The yield in the directions says it “serves 2 dozen”. I interpreted that to mean one recipe makes 24 cookies. I wanted 8 dozen (108 cookies) so I quadrupled it. 144 cookies later I was done.
Good news these are delicious cookies and abolutely will not go to waste. But just be aware that if you multiply the recipe, you may end up with more than you expected.
Sue perrin says
These cookies are fantastic. I replaced half the butter with cannabis oil, the sugar and spices blended well with the herb. Thanks for sharing this recipe
Trish - Mom On Timeout says
Wonderful Sue! So glad you enjoyed them!
Melissa says
Just finished making these tonight for my office potluck and omg! They are so so good.

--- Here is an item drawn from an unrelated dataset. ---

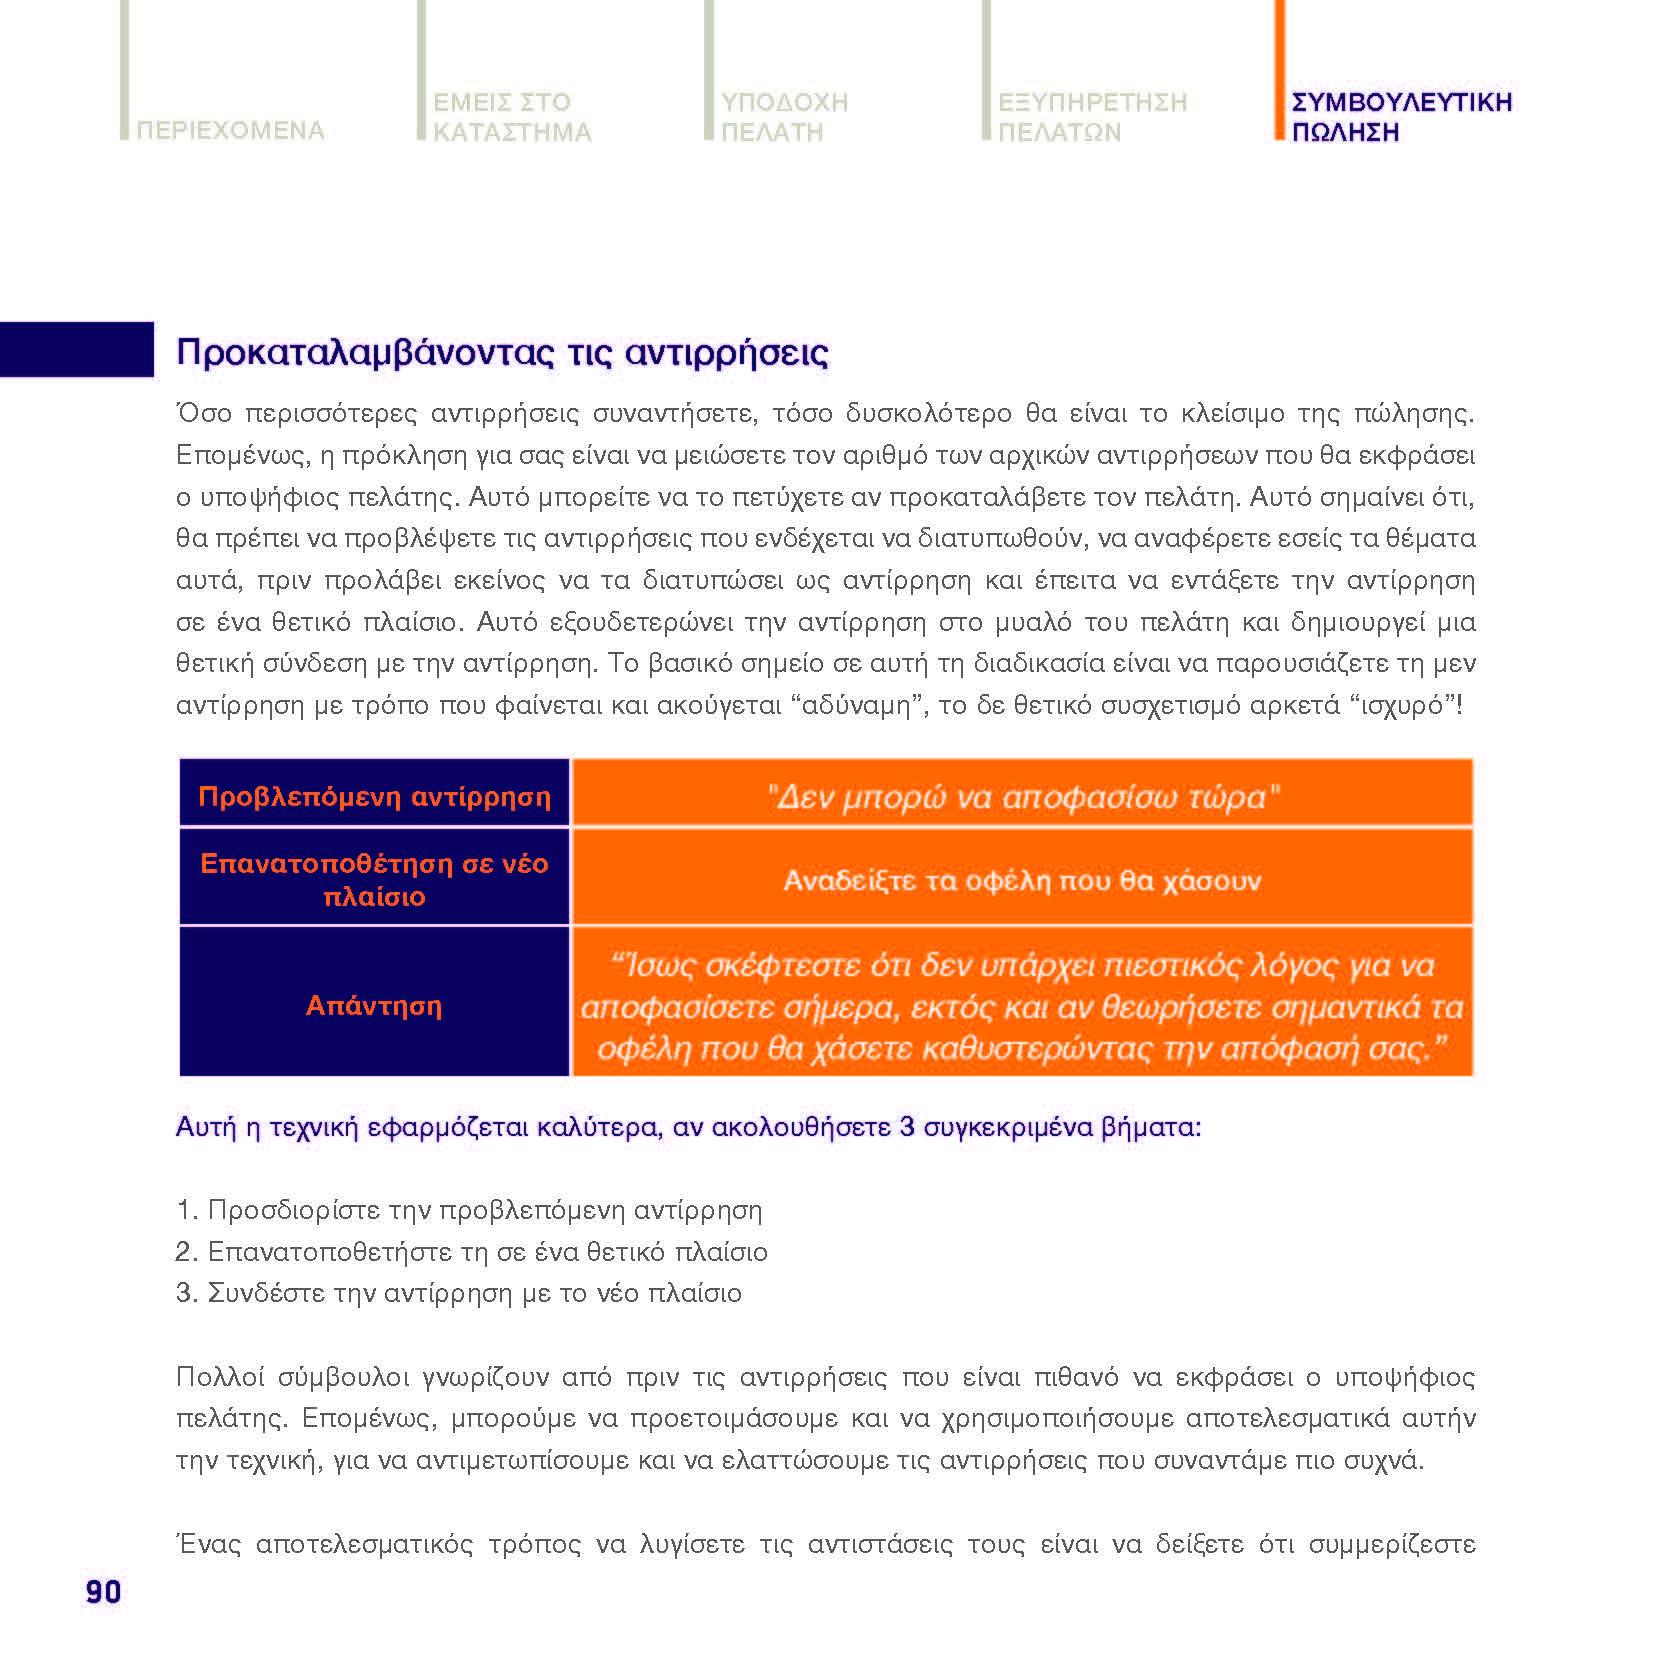 https://www.jib.gr/wp-content/uploads/2020/09/OPTIMA-BANK-BOOKLET-WEB_Page_090.jpg

Just the right amount of chocolatey and the cayenne flavor comes in at the end. Super soft too! I was interested in making these not only because they sounded yum, but because they were so simple too. Definitely will be making these again. Thank you so much for sharing!
Veronica says
Is the dough supposed to be super sticky and messy? They come out good but the dough is a pain to work with, very sticky and messy. Would it be best to chill the dough in the fridge?
Jordan says
These are in my oven now and smell amazing!!!! I can’t wait to try them!
Laura says
I was expecting these to be made with Mexican chocolate! Still looks delicious and I can’t wait to give them a try.
Hafsa says
I really like chocolates and soon I will try this recipe. Thanks for sharing 🙂
Trish - Mom On Timeout says
Wonderful! Thanks for stopping by!
Melissa Howell says
Oh my gosh! I have to try these! I just posted a recipe for Mexican Chocolate Cookies on my blog, but I love the idea of combining them with a Snickerdoodle!
Cecile- My Yellow Farmhouse says
These are so delicious looking and I love the idea of adding cayenne!!!
Mir says
My husband would totally add more cayenne and burn his tongue off. That is totally him.
Sorry the cupcakes went south, but these are amazing!
Roxana says
I love how soft the cookies look! I’m sure your family loved them!